**TRY IT**. Go through the lines below and repeat each one exactly, skipping pictures.

**DATASET EXTRACT**.
- - -

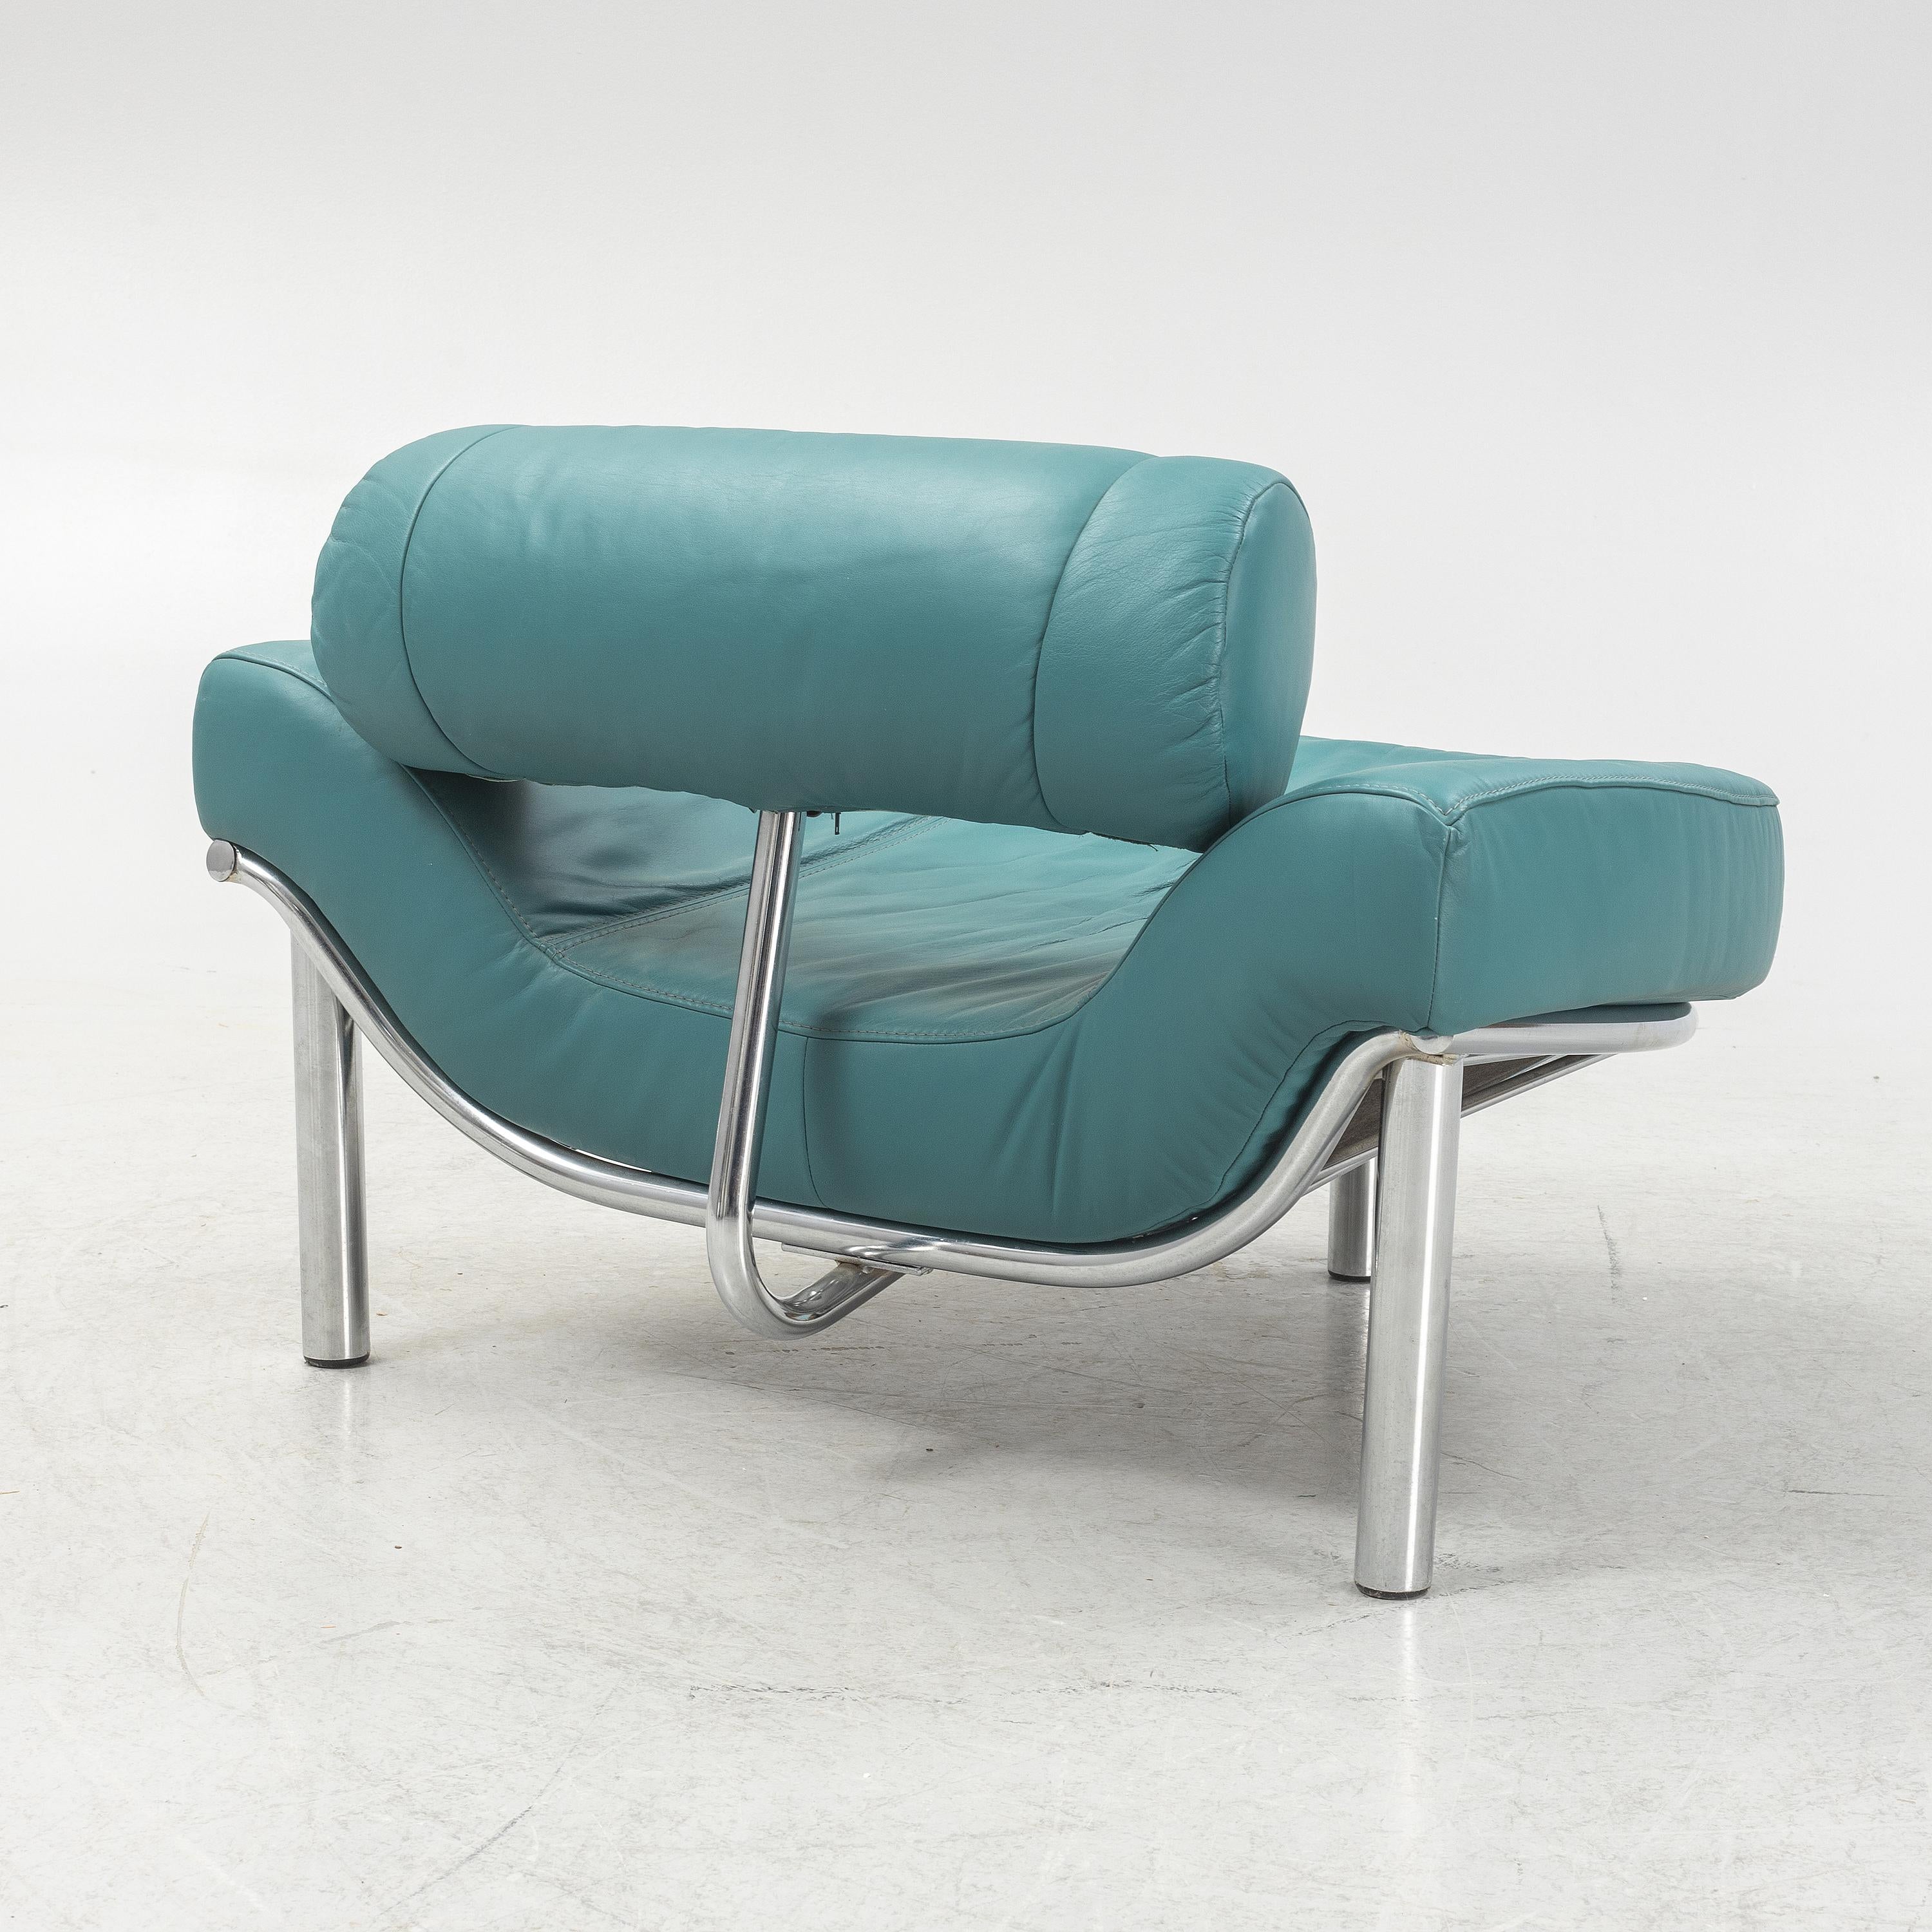 Kwok Hoi Chan style rare armchair steel and blue leather France 1970.
rare model in tubular steel with turquoise blue cushions .
Good condition. light patina on the leather

- - -

**RESPONSE**.
 Kwok Hoi Chan style rare armchair steel and blue leather France 1970.
rare model in tubular steel with turquoise blue cushions .
Good condition. light patina on the leather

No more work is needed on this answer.